Выпуск № 6 | 1964 (307)

ТРИБУНА

Навстречу пленуму по музыкальному театру

Не о том спорим, товарищи!

В. Винников

Давным-давно оперетта признана равноправным жанром советского театрального искусства. Много воды утекло со времени создания первых опереточных спектаклей, убедительно рассказывающих языком своего жанра о волнующих событиях современности. Больше десятилетия тому назад сошли со сцены те единичные произведения, которые были перегружены драматическими коллизиями и действительно выходили за пределы оперетты.

Тем не менее до самых последних дней не утихают споры о специфике жанра.

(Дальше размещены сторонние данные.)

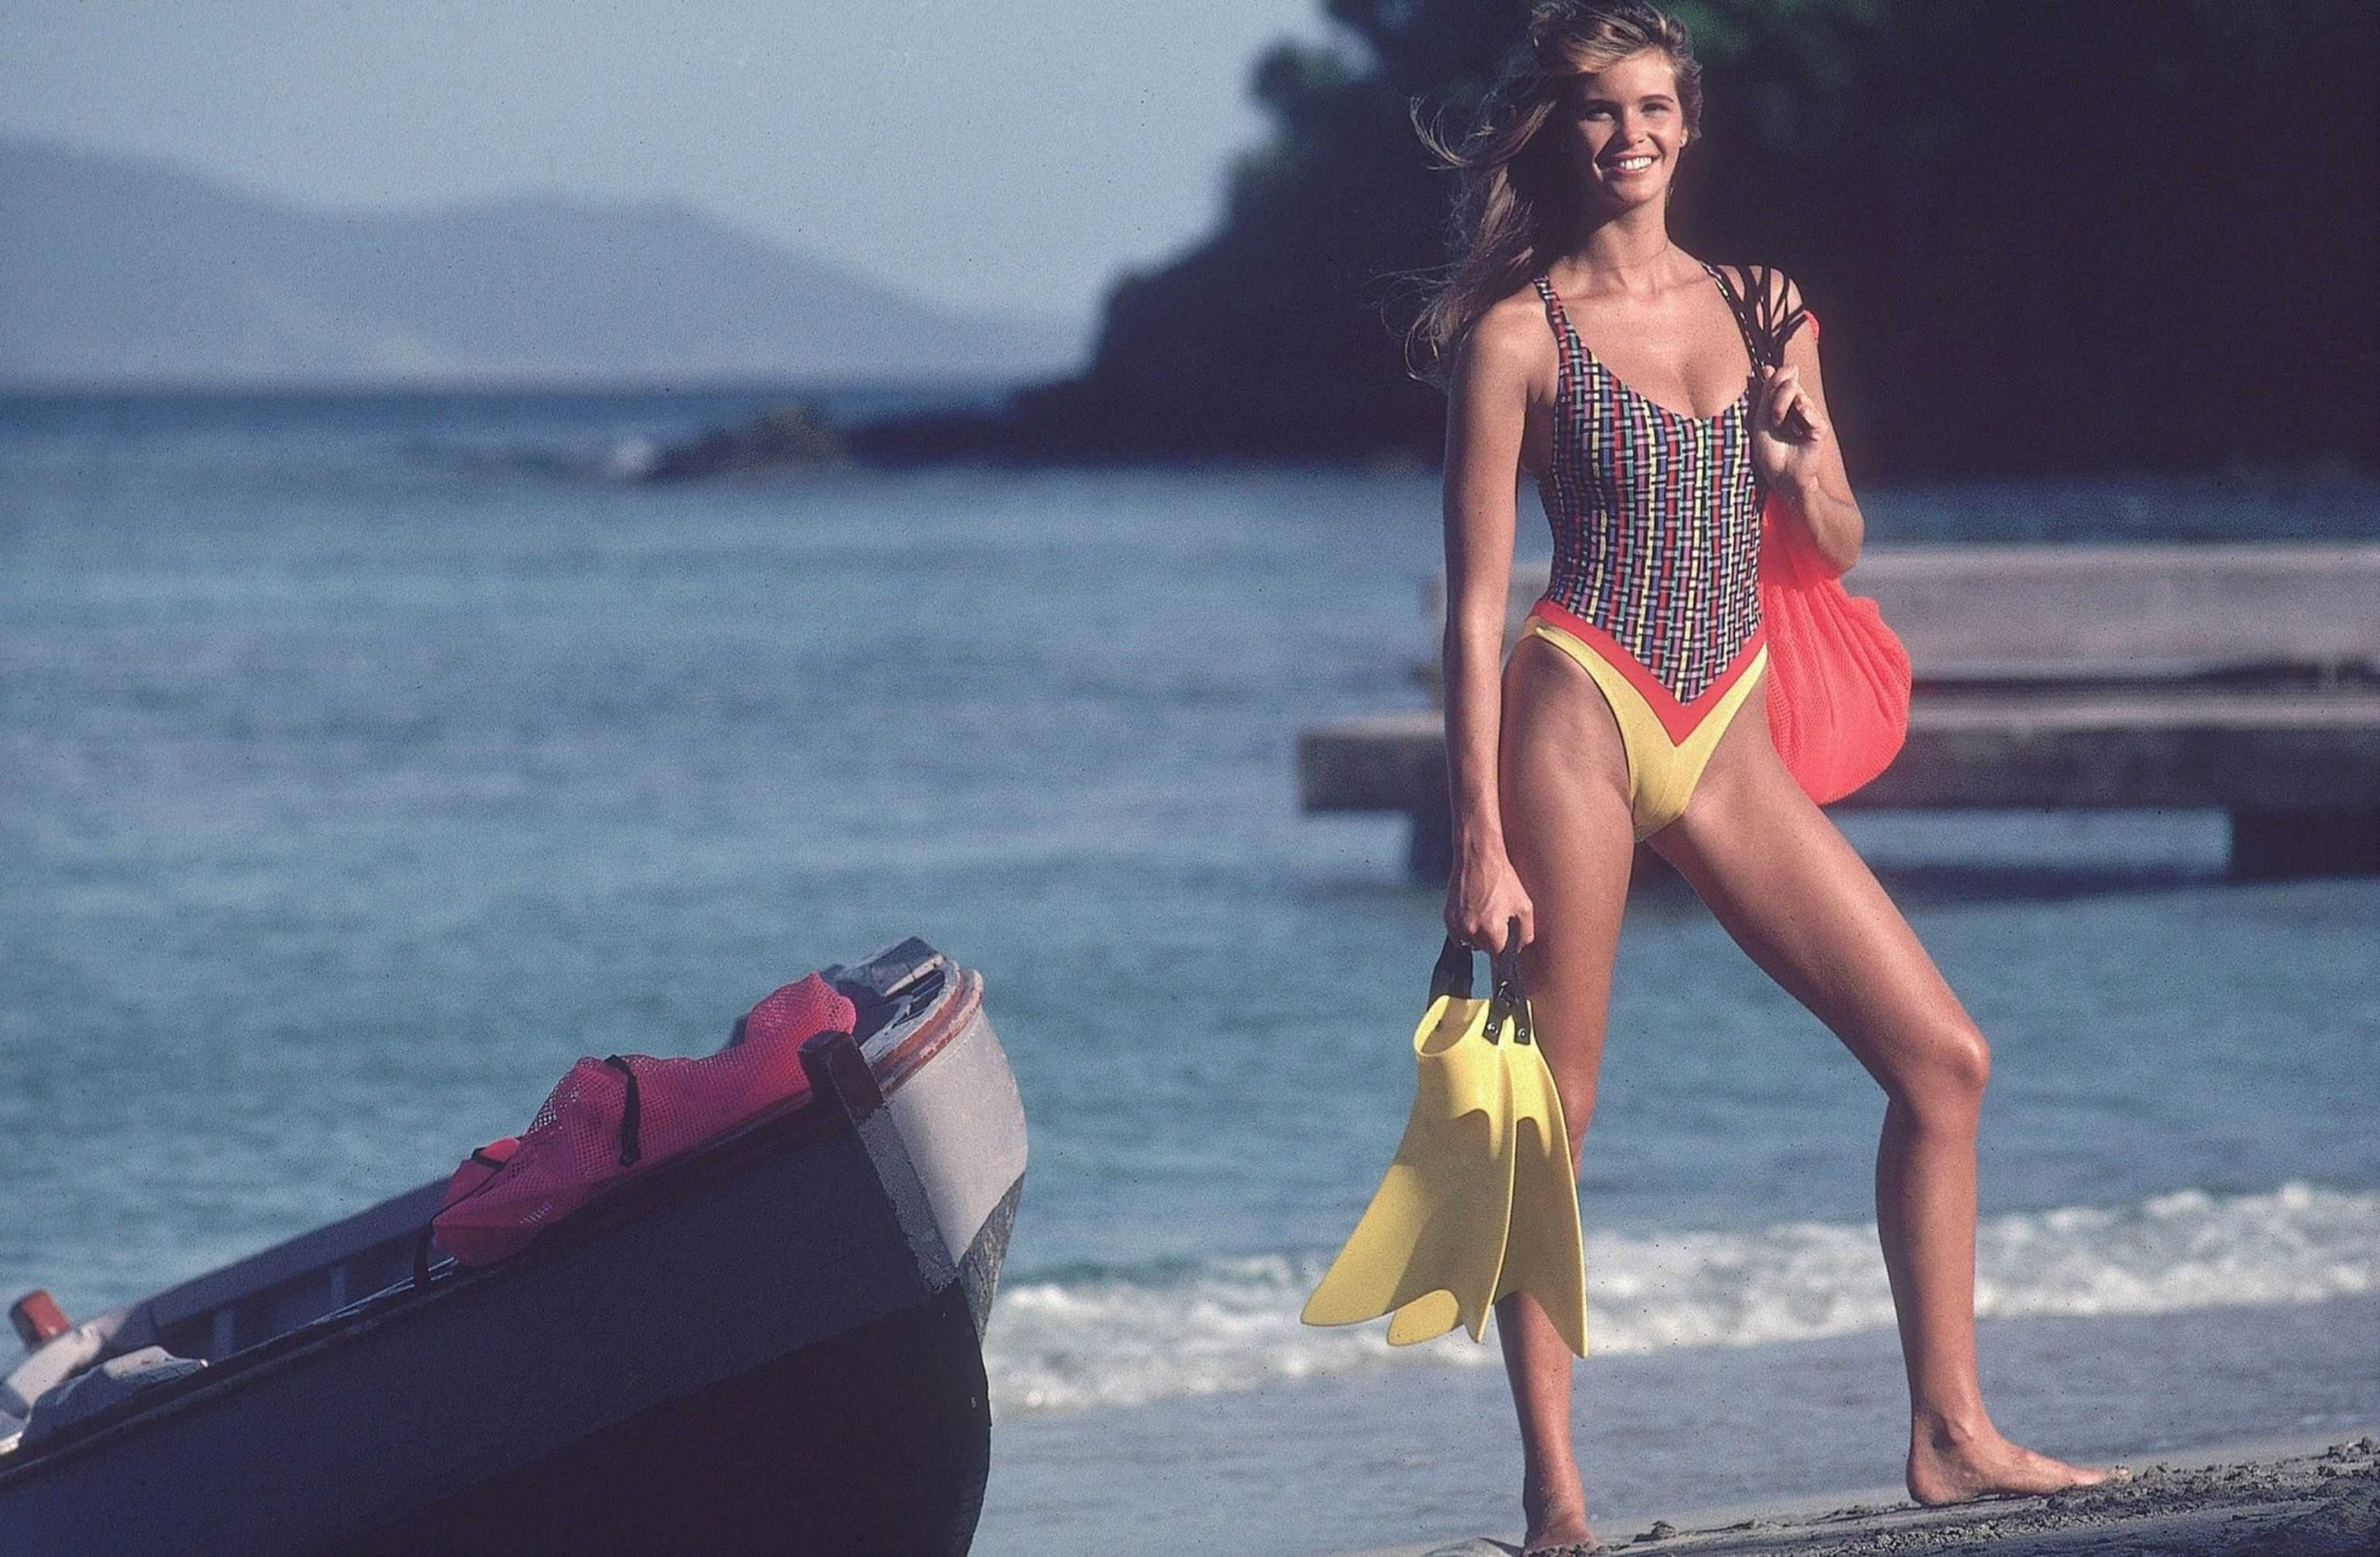 Elle Macpherson swim suit

Для подогревания этой уже ставшей чисто схоластической полемики нередко выдвигаются мнимые проблемы, от разрешения которых якобы зависит дальнейшее развитие советской оперетты. Так, Л. Жукова1 утверждает, что «в начале пятидесятых годов родились музыкальные драмы (замечу в скобках не «драмы», а «музыкальные спектакли», но об этом скажу подробнее дальше. — В. В.), наметившие тот крен в сторону драматизации жанра, который так резко — как явное преувеличение — ощутим сегодня».

Понимая, однако, что признаки когда-то почивших «музыкальных драм» — недостаточно убедительные оппоненты, Л. Жукова в той же статье пишет: «...Кое-кто и сегодня считает, что без надрыва и слез это искусство жить не может...».

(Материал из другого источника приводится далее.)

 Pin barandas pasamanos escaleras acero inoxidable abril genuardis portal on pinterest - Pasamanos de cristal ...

Мне думается, что не мрачные мифические личности, которым в полемическом задоре приписывается злодейское желание превратить жизнерадостную оперетту в душещипательный цыганский романс, представляют сегодня главную опасность. И спорить о том, что оперетта должна быть веселой и оптимистичной, а не упадочной и трагической, бесполезно. Больше того, вредно, так как бесплодные споры по надуманным проблемам отвлекают внимание от бесспорных недостатков, присущих сегодня нашей оперетте.

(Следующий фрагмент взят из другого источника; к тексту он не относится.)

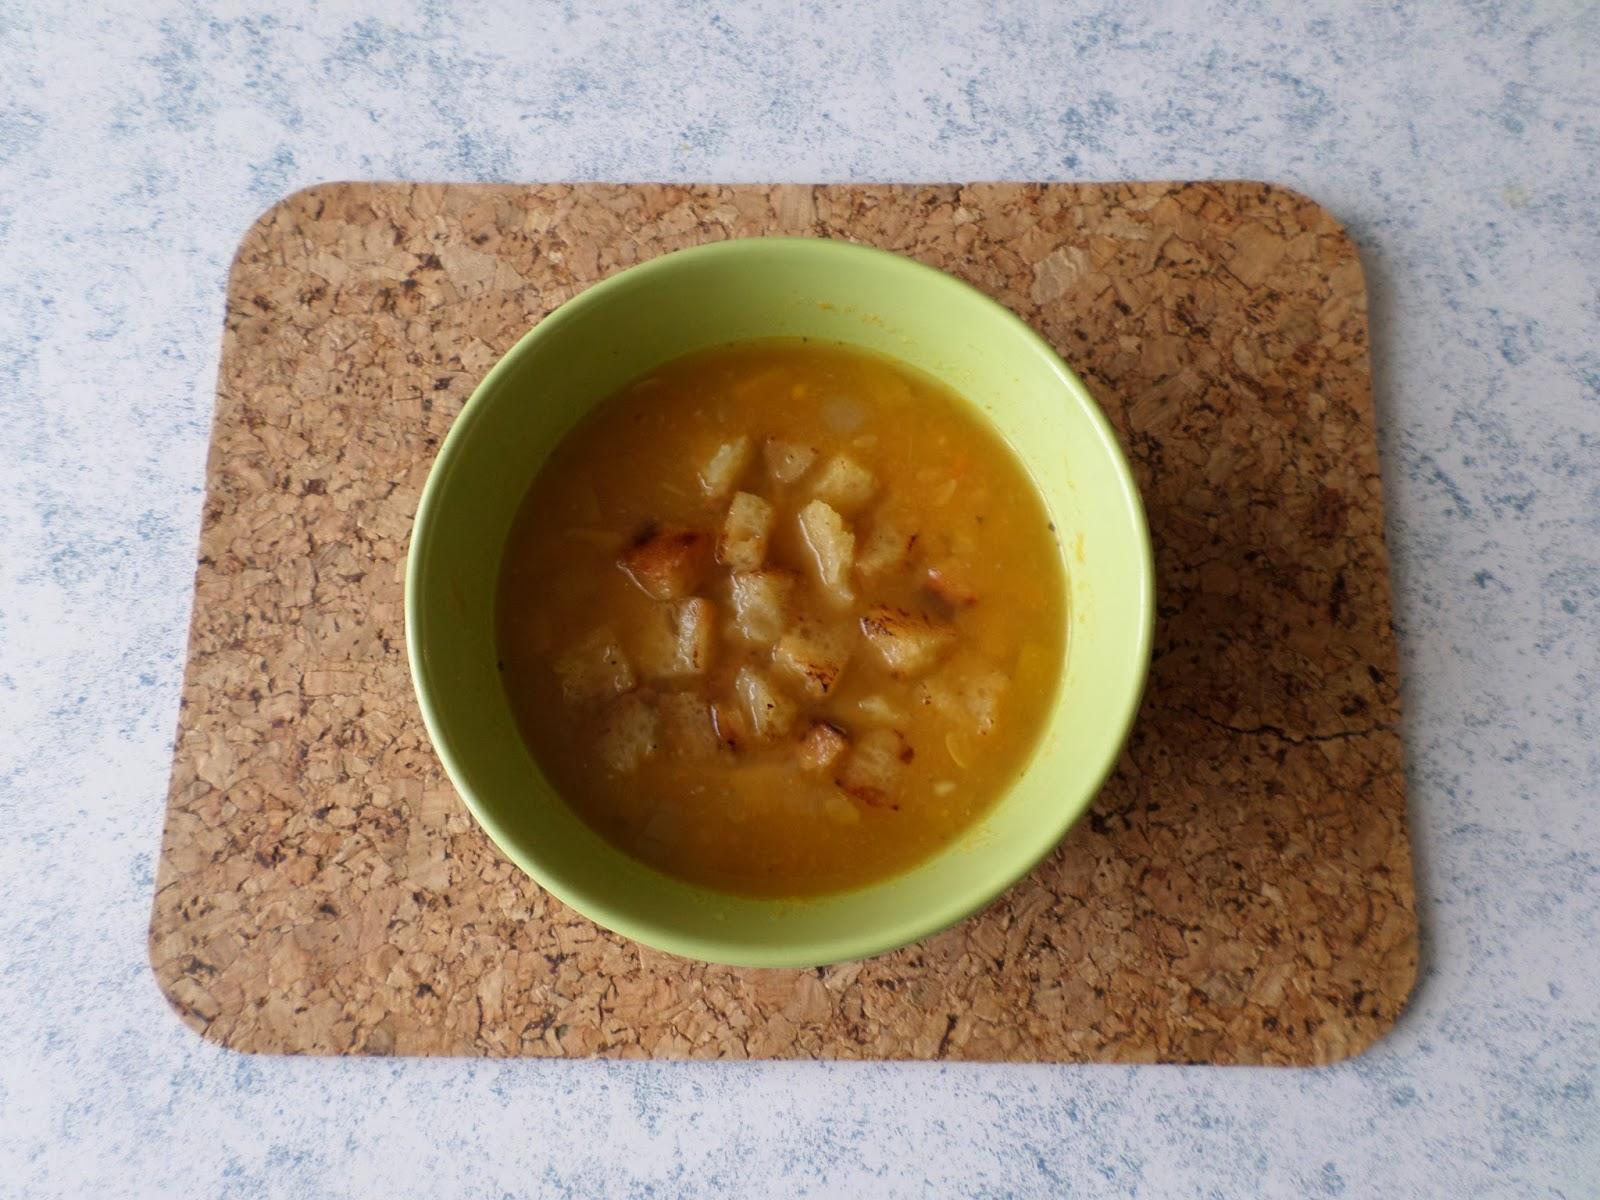 Miedzy Kuchnia A Reszta Swiata 8 Przepis Nr 4 Zupa Z Dyni

Обратимся от рассуждений к фактам. Каждый сезон репертуар оперетты пополняется новыми произведениями. По названиям и тематике они вполне современны. Тут и «Седьмое небо» (авиация), и «Олимпийские звезды» (спорт) и «Эврика» (наука). Все действующие лица — наши современники: летчики, спортсмены, студенты, рабочие, инженеры, физики. А по характерам и поступкам сколько еще среди них давно знакомых заштампованных опереточных персонажей — самодовольных героев и героинь, незадачливых простаков, безудержно бойких гризеток и откровенно нелепых комиков, наспех переодетых в современные одежды и «разжалованных» из графов и баронов в граждан пролетарского происхождения! Я говорю «опереточных» в том смысле, который еще в словаре Д. Ушакова толковался как «карикатурный, такой, что нельзя принимать всерьез...».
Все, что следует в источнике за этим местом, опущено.